I hate today.
I have been seriously looking forward to tonight for a week – when SB and I could reconnect and be together, curled up on his couch, sipping good alcohol, then wrapping around each other in his bed. It has been the bright point in my week all week.
Then I woke up in a fog. My head hurt – my body hurt – I felt fuzzy. I wondered aloud to G how my beers the night before could be responsible. And he figured I just didn’t sleep well – told me to get some coffee – and all would be well.
Except it wasn’t.
I tried to push through. I really did. But it wasn’t working.

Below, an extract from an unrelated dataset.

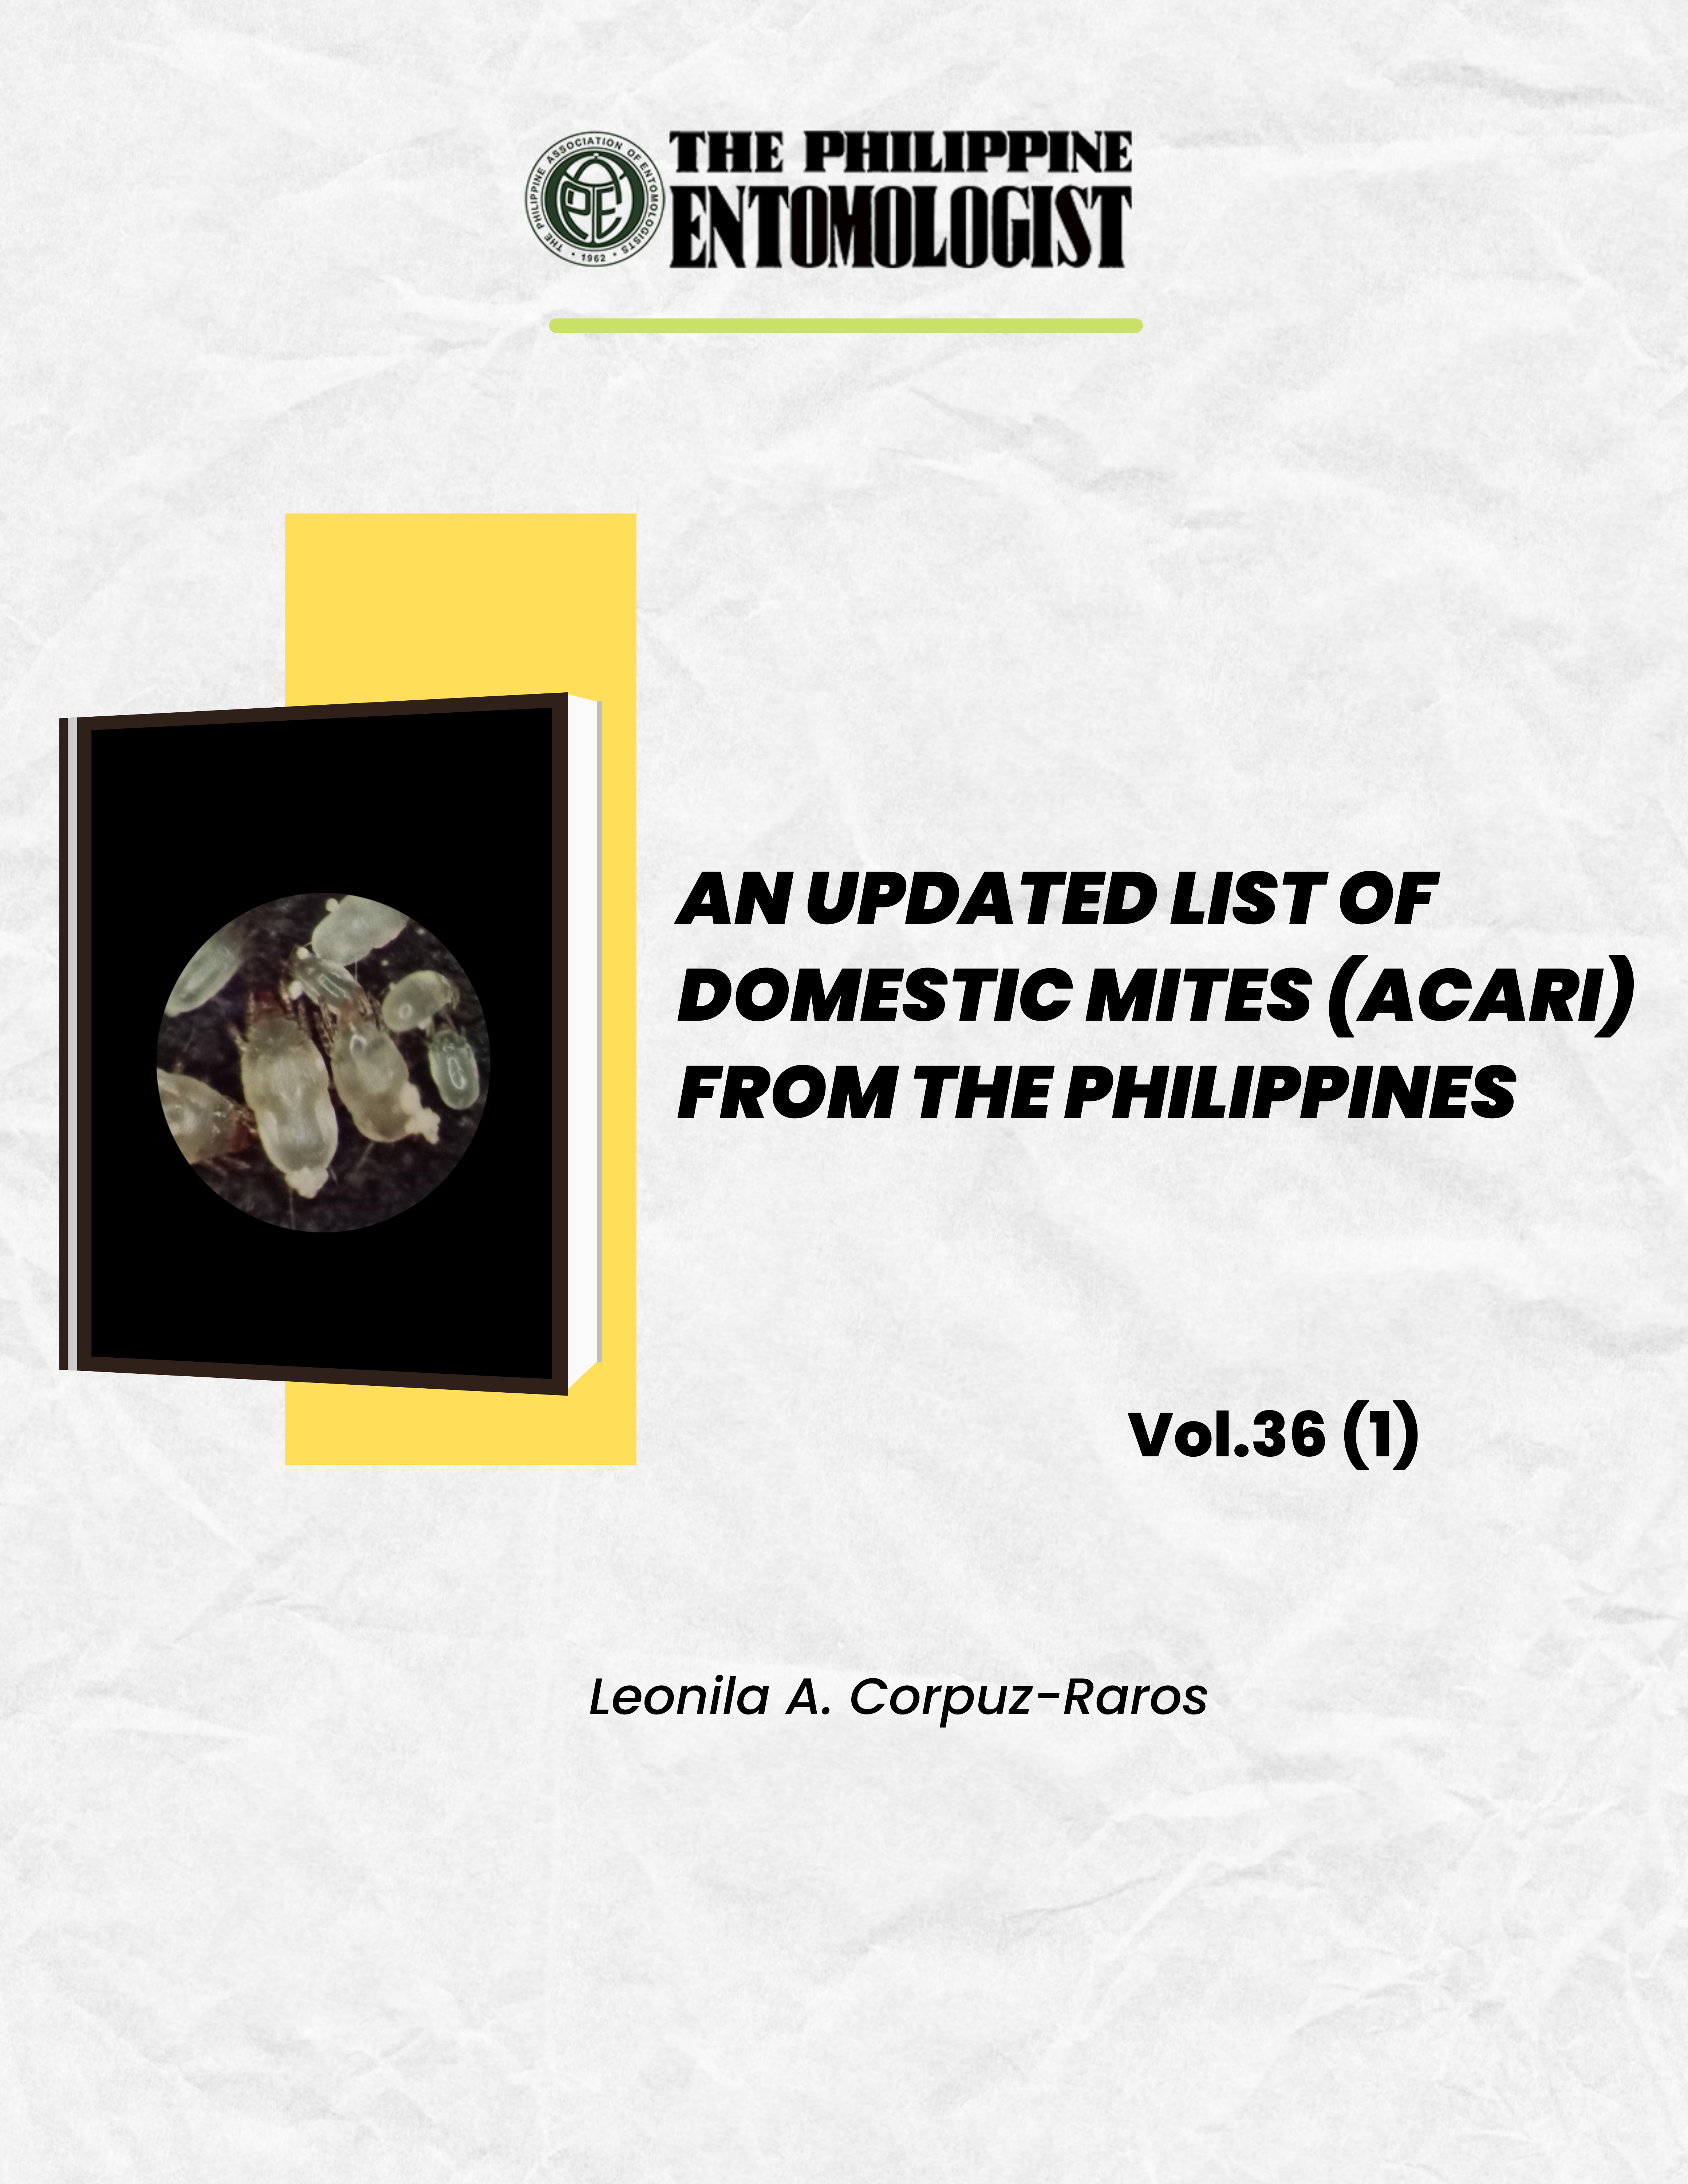 AN UPDATED LIST OF DOMESTIC MITES (ACARI) FROM THE PHILIPPINES

I felt fuzzy and my head hurt and my body hurt and the caffeine and Advil weren’t helping – and I was frustrated at the prospect that something more could be wrong. G told me to go sleep – “Maybe you need more,” he suggested. So I went back to bed.
And couldn’t get comfortable. Felt hot, felt cold – hurt – was annoyed – and was frustrated by the whole situation – the whole prospect that I was not in a state to see him – SB.
No matter what I did – how long I slept – I was not in the state to be out of the house. I was finding myself reacting to things in ways that was not typical – not healthy – and I realized I just need to stay where I’m at.
And I fucking hated that –
Because I miss my Daddy – miss my love – miss the man who quiets my brain when nothing else can.
I miss him because I love him so very VERY much.
I know that I cannot help the position I find myself in – feeling like shit, not wanting to get him sick, not wanting to be the crazy minded sick person that I am feeling.
But it doesn’t make me miss him less – just makes me hate this more.